Watching these videos, one right after another, is agonizing.
But as video cameras proliferate, these shootings seem to become more widespread, more unavoidable, and more potent markers of the racial tensions that divide us.
So Kaepernick kneels for the national anthem, and the frustrations mount. As Lecrae recently tweeted: “Take a knee . . . people riot. Take a bullet . . . people quiet.”
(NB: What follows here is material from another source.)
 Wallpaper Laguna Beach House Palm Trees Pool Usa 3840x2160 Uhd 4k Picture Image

The sentiment has been retweeted 67,000 times.
The Other Side
There’s another side to these tragedies, depicted in the graphic 1998 murder of police officer Kyle Dinkheller (Georgia), 22, killed by a white army veteran, Andrew Brannan, after Dinkheller pulled him over. Videos like this one are unforgettable reminders of why police are trained to never allow suspects to return to their vehicles.
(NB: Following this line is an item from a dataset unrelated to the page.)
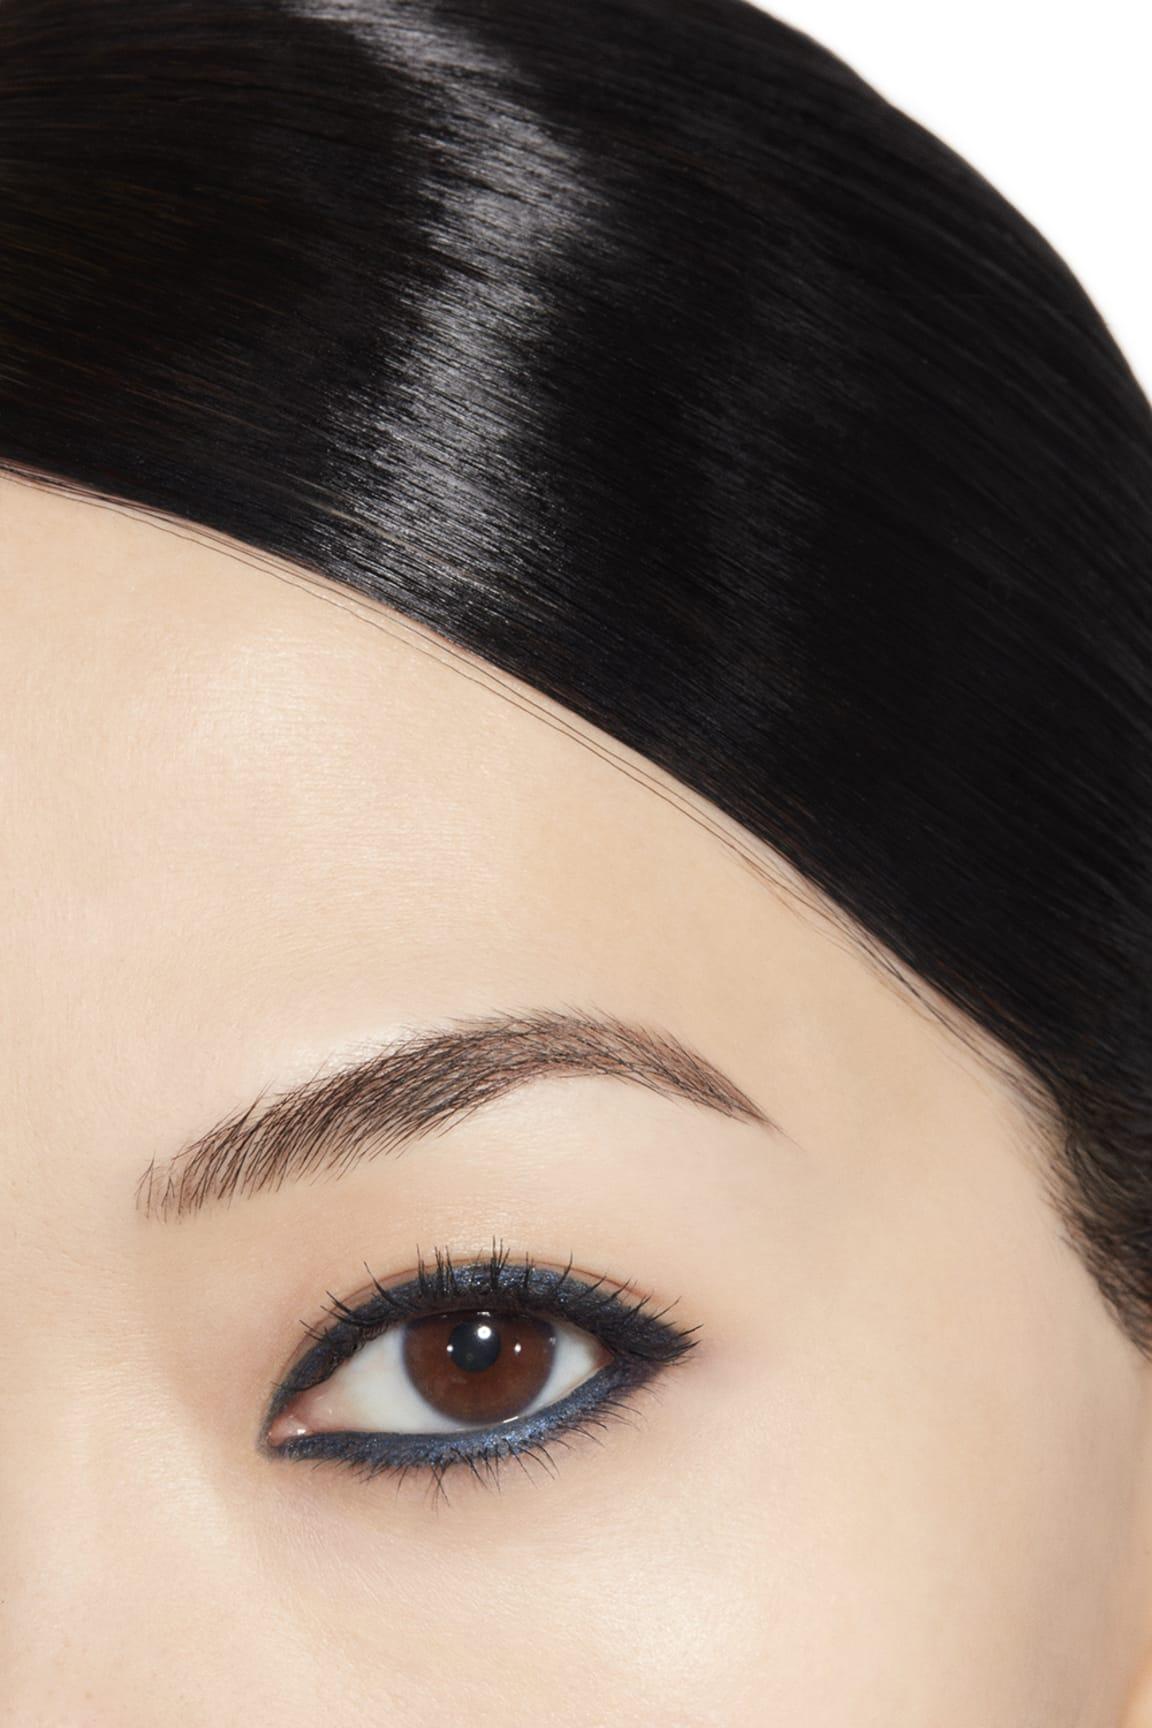 Anwendung Make-up-Bild 1 - STYLO YEUX WATERPROOF 30 - MARINE

More than thirty cops have been killed in 2016, including the July shootout in Dallas, in which a peaceful protest in the streets was ended by a sniper, a black military vet, who murdered five white cops: Lorne Ahrens, 48, Michael Krol, 40, Michael Smith, 55, Patrick Zamarripa, 32, and Brent Thompson, 43, whose execution was broadcast live, shot in the back in a cold-blooded ambush.
These are the videos that haunt the spouses and children of police officers, reminding them that being a police officer is a demanding and dangerous job, full of pressures and growing expectations.
In the aftermath of the killing of five officers, Dallas police chief David Brown delivered a wearied plea, “We’re asking cops to do too much in this country. We are. Every societal failure, we put it off on the cops to solve.” Mental health funding is too low? Give it to the cops to solve. A stray dog problem in the city? Give it to the cops. School systems failing? Give it to the cops. Seventy percent of African-American children being raised without dads? Give the problem to the cops. “That’s too much to ask. Policing was never meant to solve all those problems.”